Tokyo and Pyongyang wrapped up their five-day talks in Beijing yesterday with no breakthroughs reported on key issues such as abduction cases and improving diplomatic ties.

The two sides, which had held separate meetings of three topic panels since Saturday, conducted a plenary meeting yesterday morning.

Tokyo and Pyongyang wrapped up their five-day talks in Beijing yesterday with no breakthroughs reported on key issues such as abduction cases and improving diplomatic ties.
Koichi Haraguchi (L), the head of the Japanese delegation, and his aides attend the fifth day meeting with their North Korean counterparts in Beijing February 8, 2006. [Reuters]

At a press briefing held at the Japanese Embassy in Beijing at noon, Japanese chief negotiator Koichi Haraguchi said the two sides still have big differences in views and stances, but that they would meet again.

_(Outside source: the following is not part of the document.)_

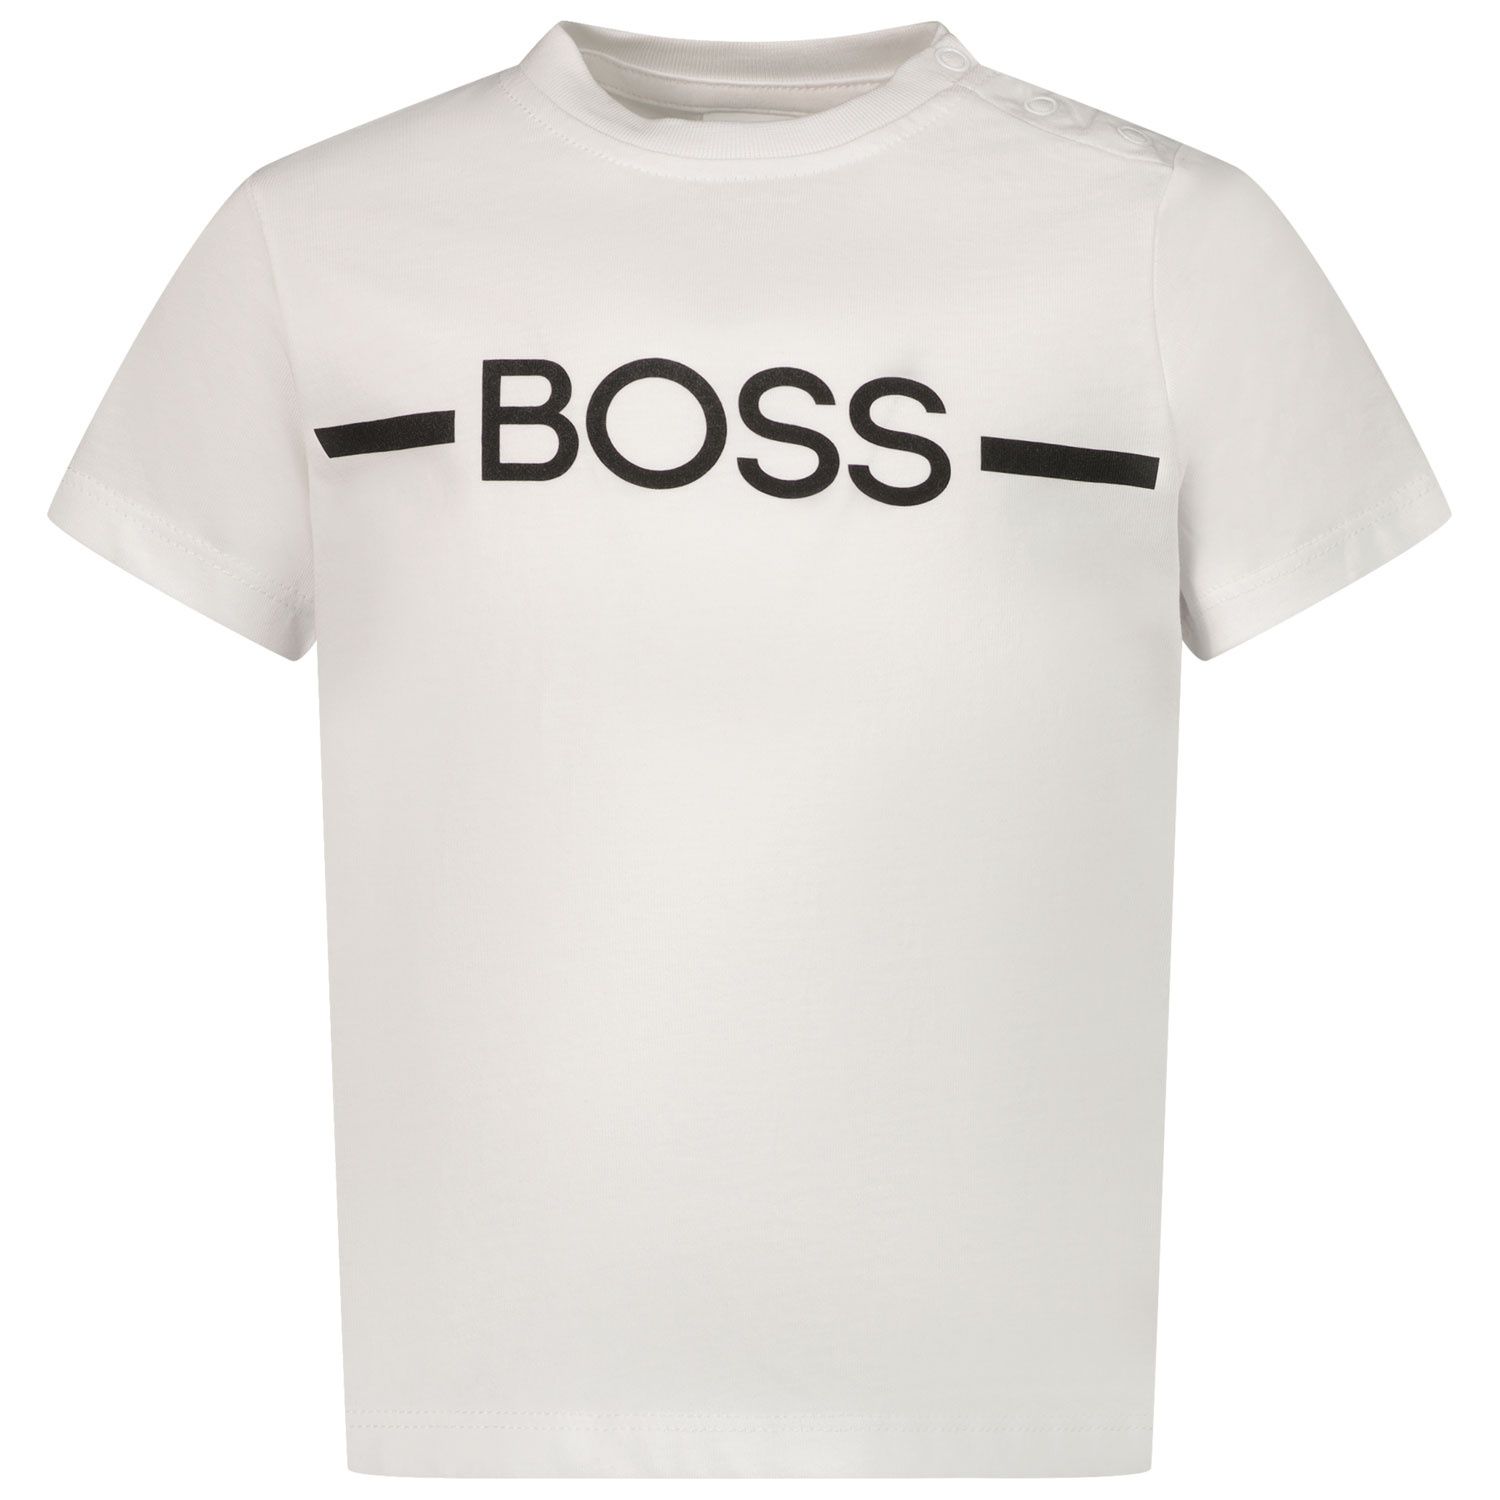 Bild von Boss J05908 Baby-T-Shirt Weiß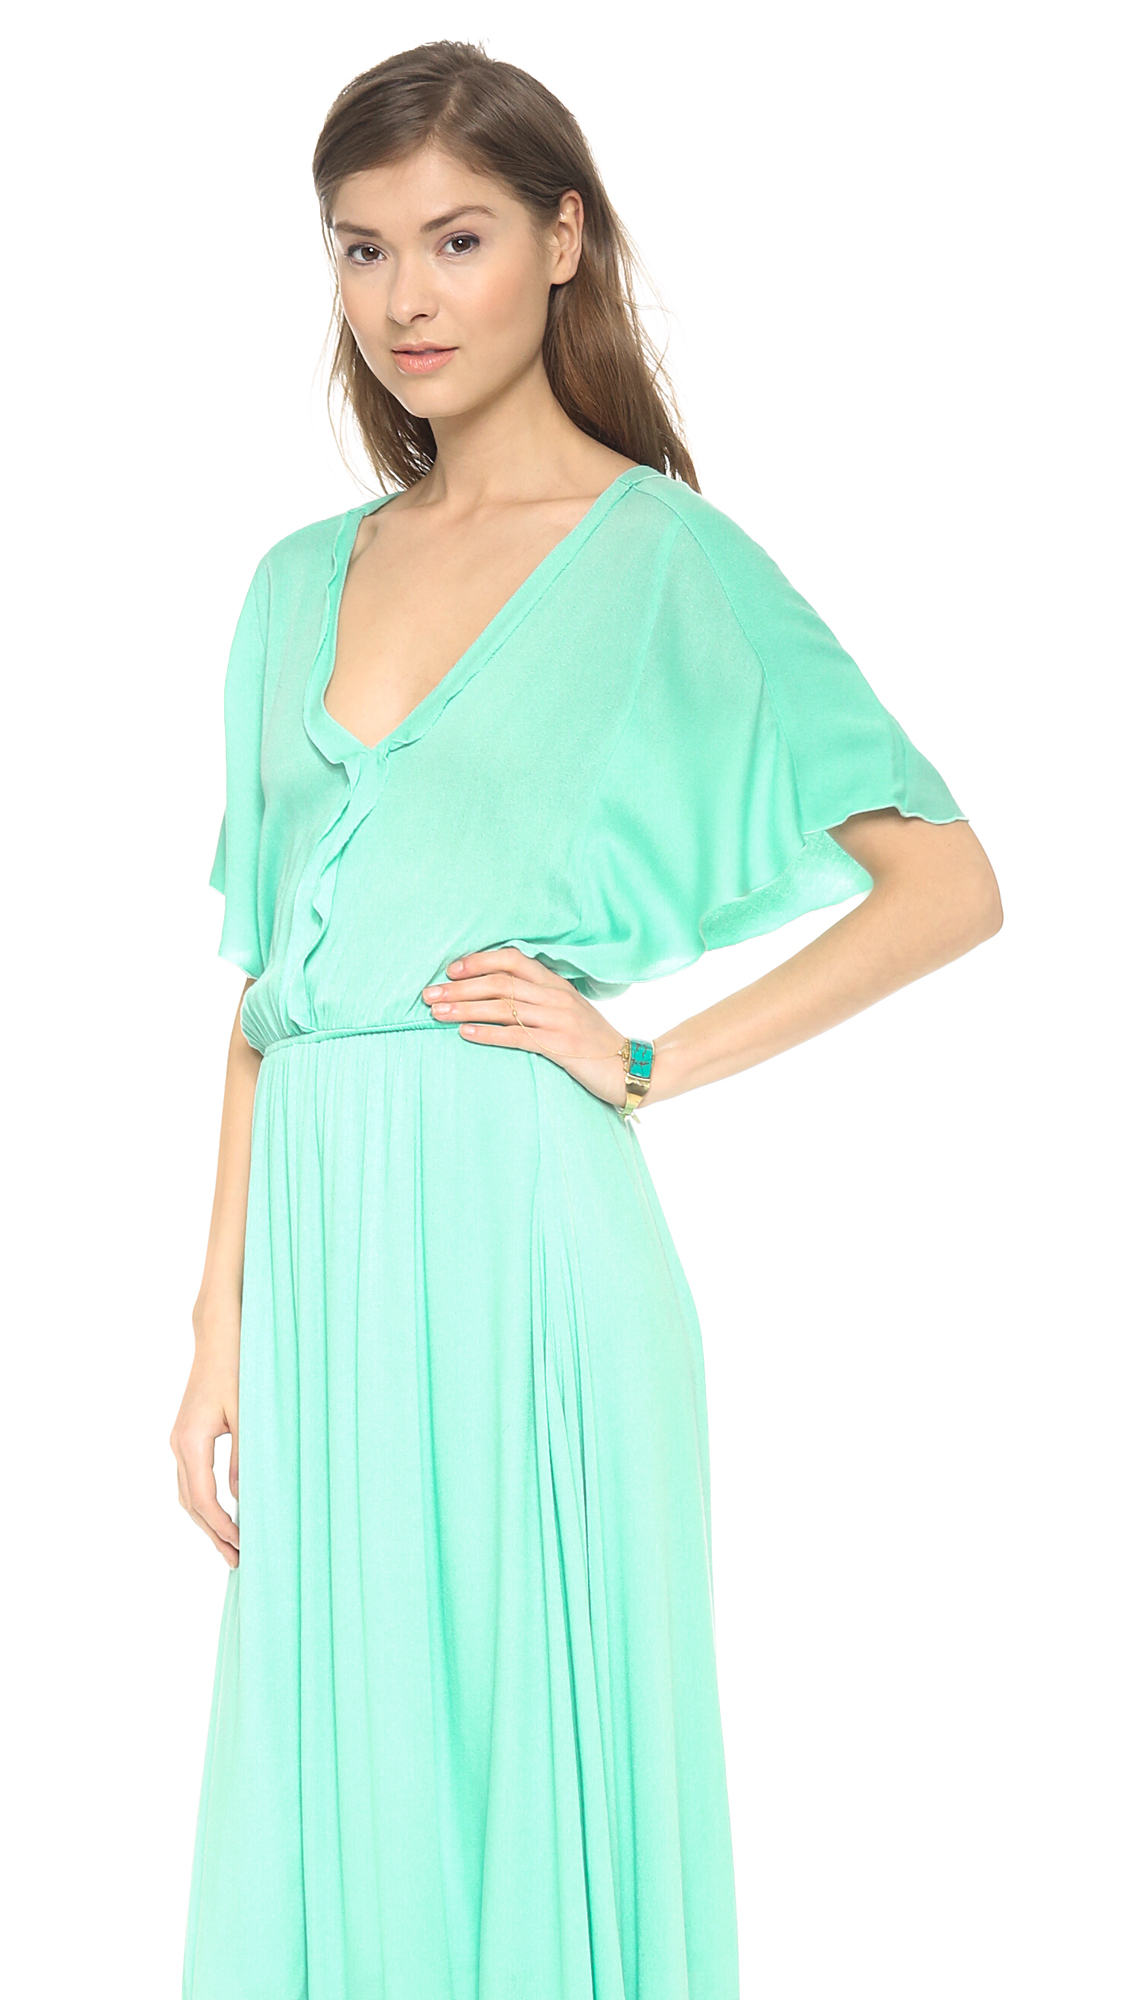 Lyst - Ella moss Stella Maxi Dress in Green

The time and venue for the next round of the talks have not been set.

Song Il-ho, ambassador of the Democratic People's Republic of Korea (DPRK) in China, in charge of normalization talks with Japan, said that the two sides held honest and open-minded discussions and understood each other's positions "more clearly."

At the same time, Song noted that they "discovered there are big differences of opinion."

He said the two sides needed to work on narrowing their differences.

The talks, the first high-level bilateral contact in three years after meetings in Malaysia in 2002, had been conducted in a three-track format covering topics such as abduction issues, normalization of diplomatic ties and security issues.

The abduction dispute has proven to be the most contentious, with two meetings held on the issue during the current round, but little progress reported.

In 2002, the DPRK admitted to kidnapping 13 Japanese citizens and released five of them, saying the other eight had died. Tokyo, however, still wants evidence of the deaths. The DPRK wants to settle historical issues regarding Japan's colonial rule over the Korean Peninsula from 1910-45.

Japanese Prime Minister Junichiro Koizumi said yesterday that Japan would continue to negotiate frequently with the DPRK to resolve contentious issues between the two countries, Kyodo News reported.

Koizumi described the outcome of the talks in Beijing as " discouraging," and acknowledged that the two countries remain far apart in their positions.

"But I think we will have to deal patiently with the matter," he was quoted as telling reporters at his official residence.